What needs to be done => Could you restate the whole listing below word for word, minus the pictures?

:: Dataset section ::

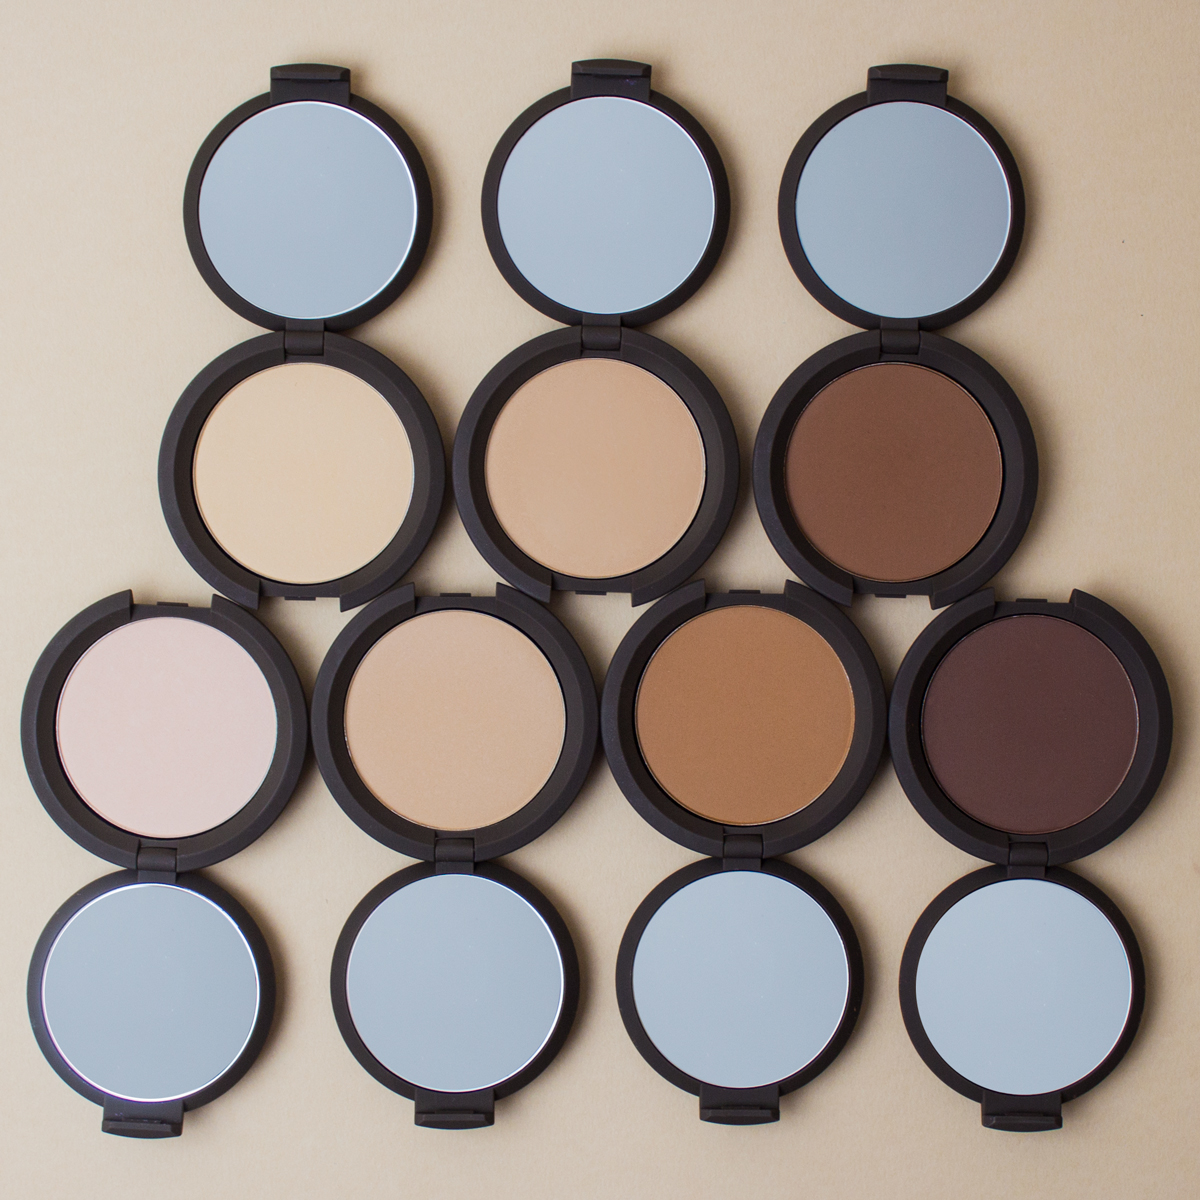 Becca Cosmetics has been described as showing ‘commitment to developing premium, luxurious products in a balanced range of wearable shades for all skin tones’ 
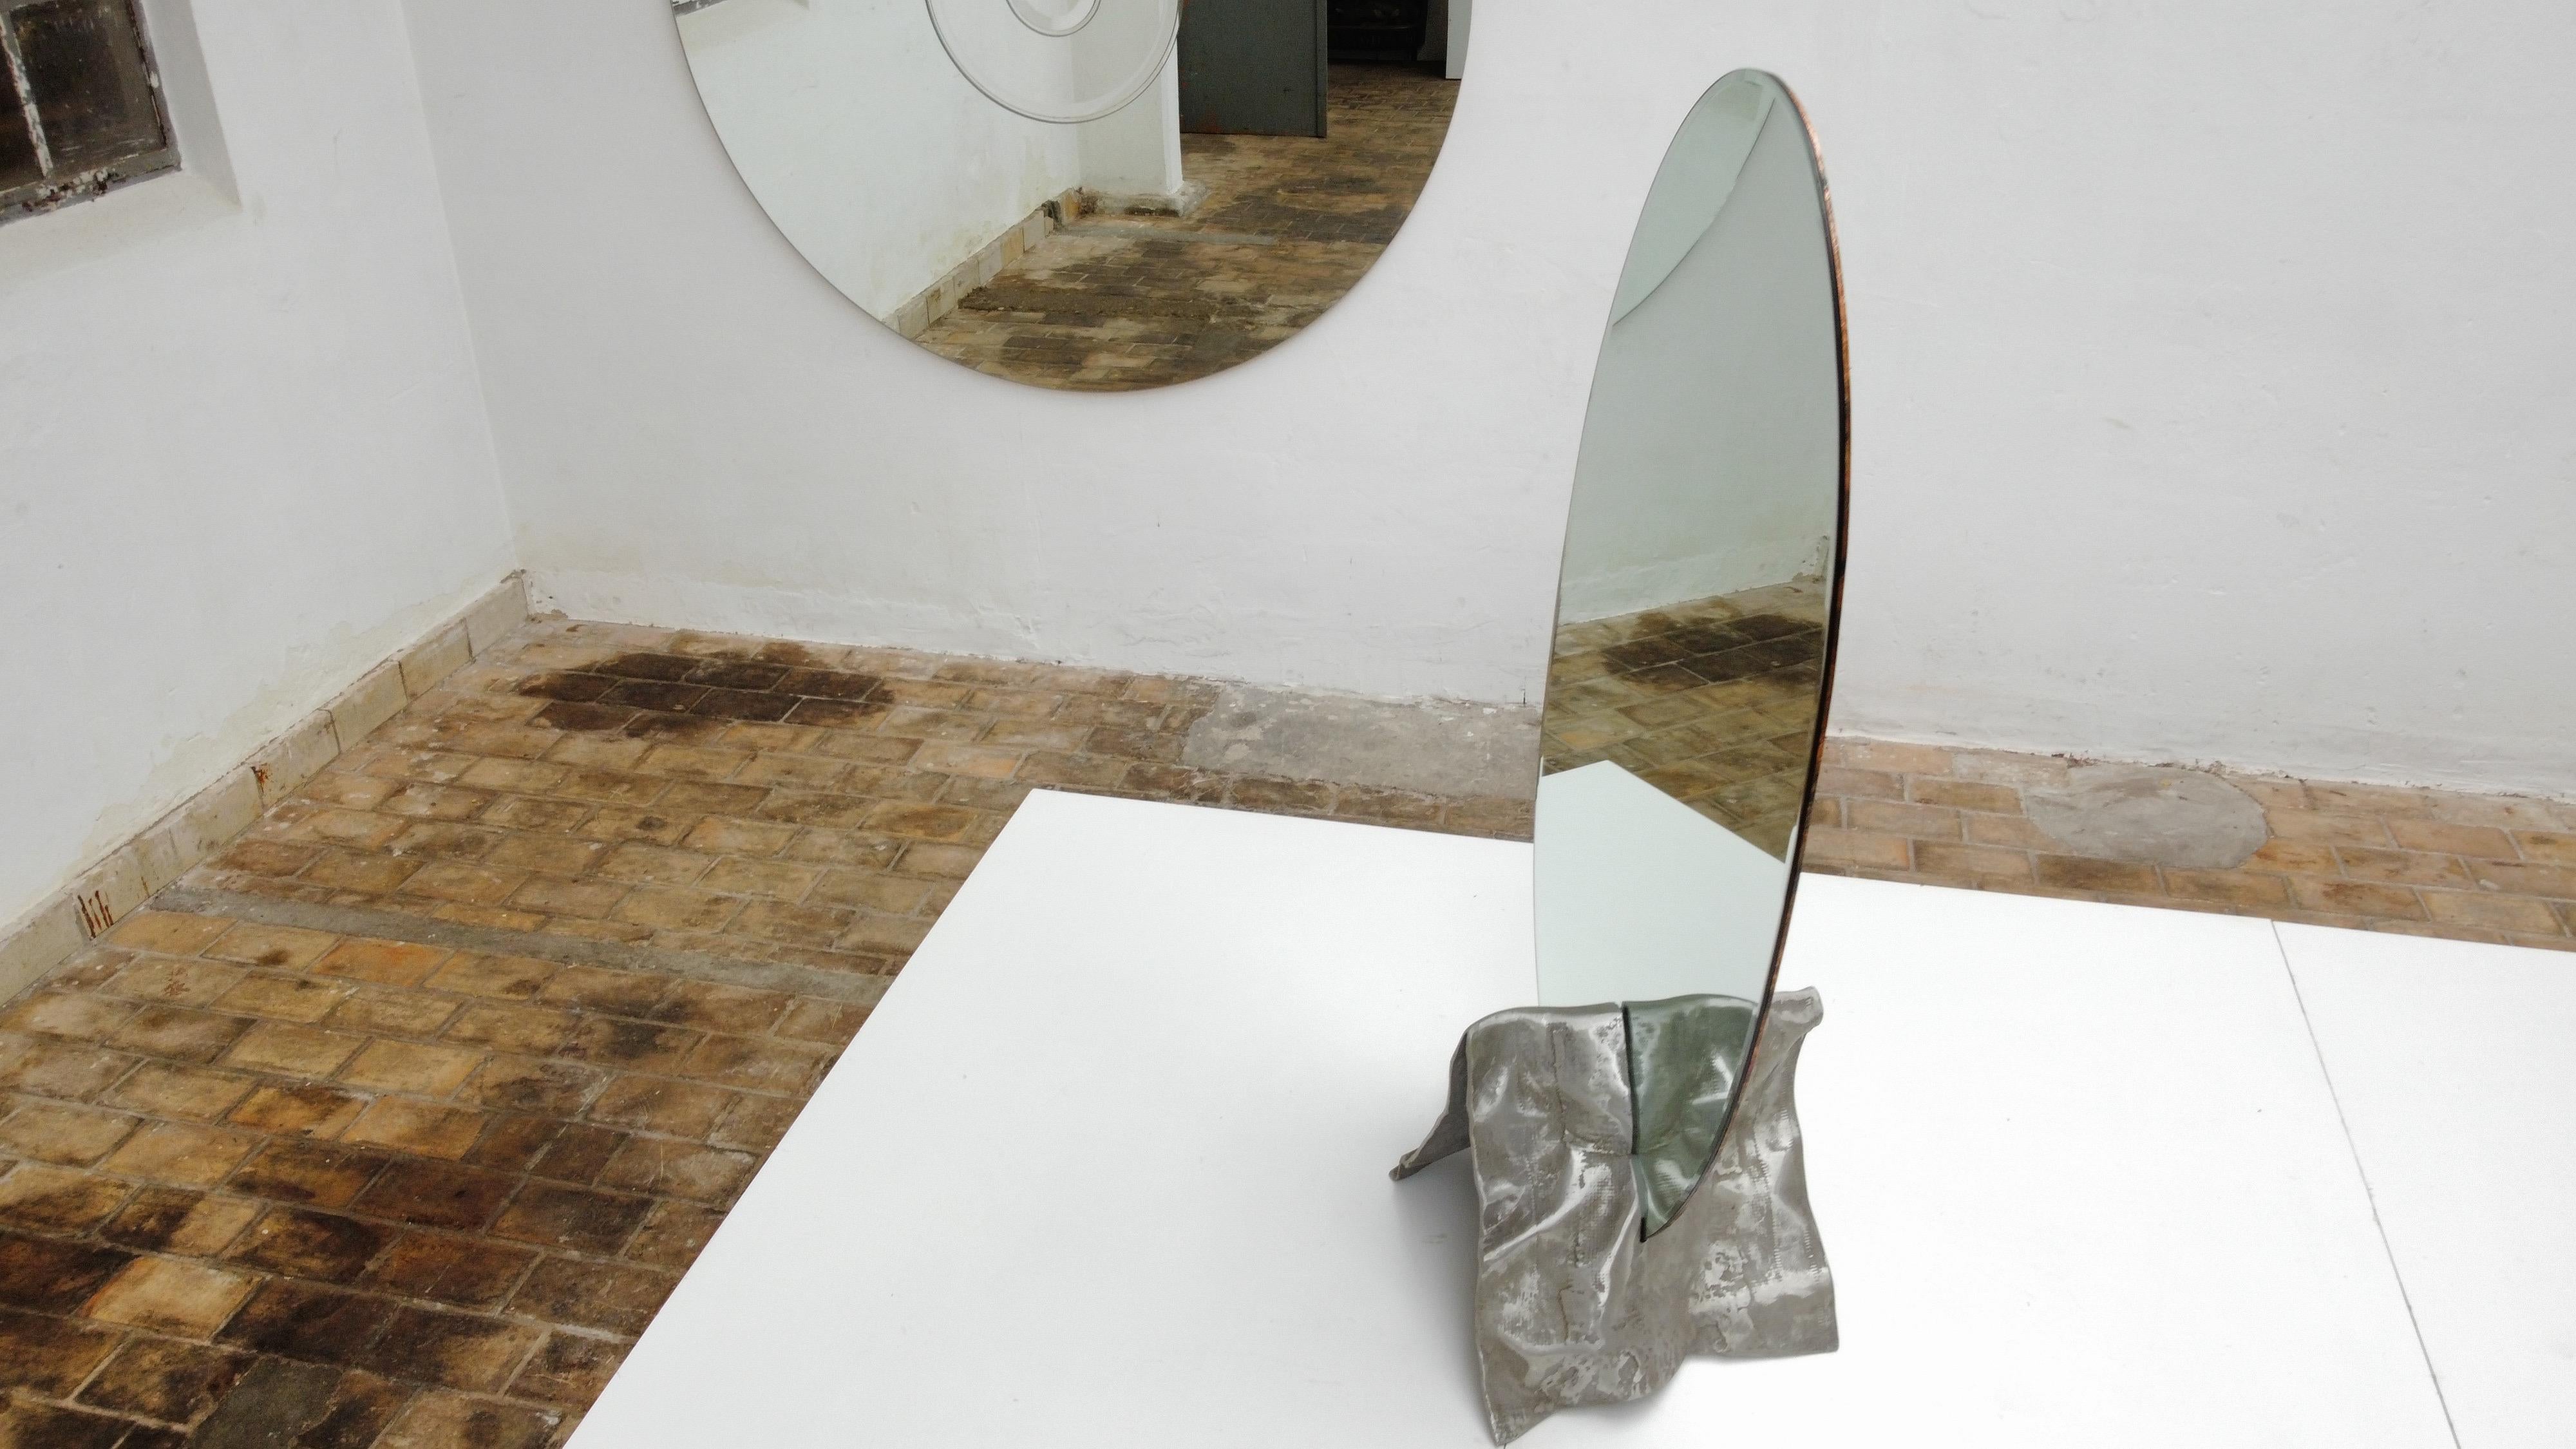 Dressing Mirror by Burchiellaro with Sculptural Form Cast Aluminum Base, 1970 For Sale 5
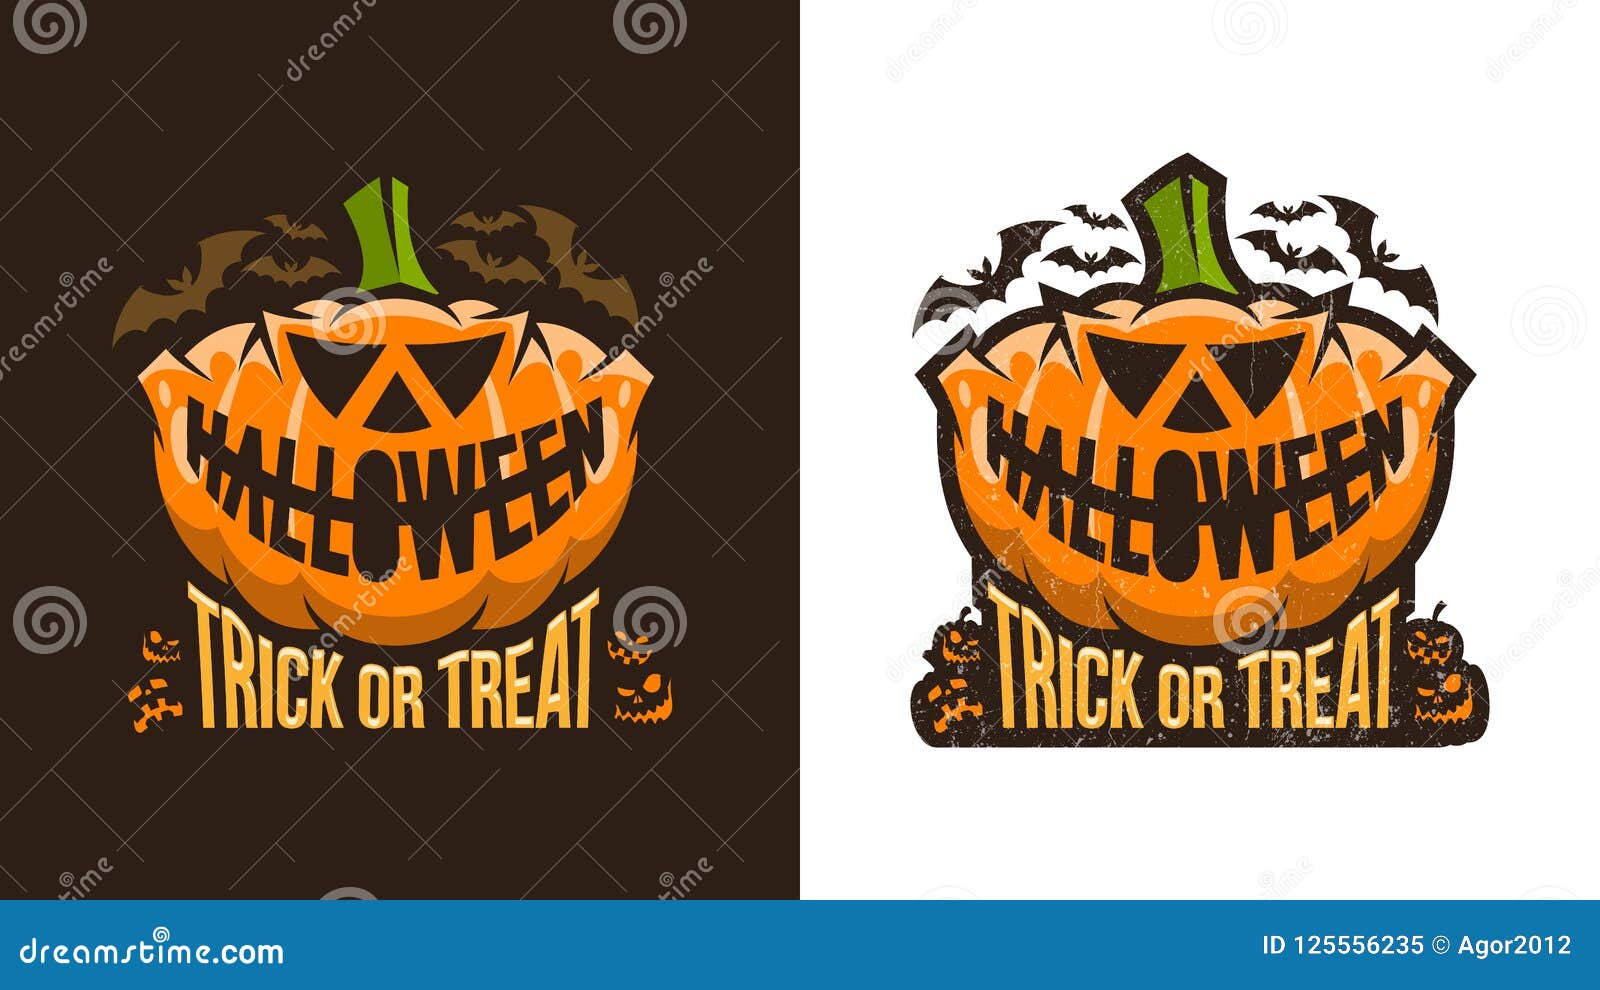 Premium Vector  Halloween vampire cartoon with pumpkin mask at night  design, holiday and scary theme illustration

:::

Task output =>
 Becca Cosmetics has been described as showing ‘commitment to developing premium, luxurious products in a balanced range of wearable shades for all skin tones’ 
 Dressing Mirror by Burchiellaro with Sculptural Form Cast Aluminum Base, 1970 For Sale 5
 Premium Vector  Halloween vampire cartoon with pumpkin mask at night  design, holiday and scary theme illustration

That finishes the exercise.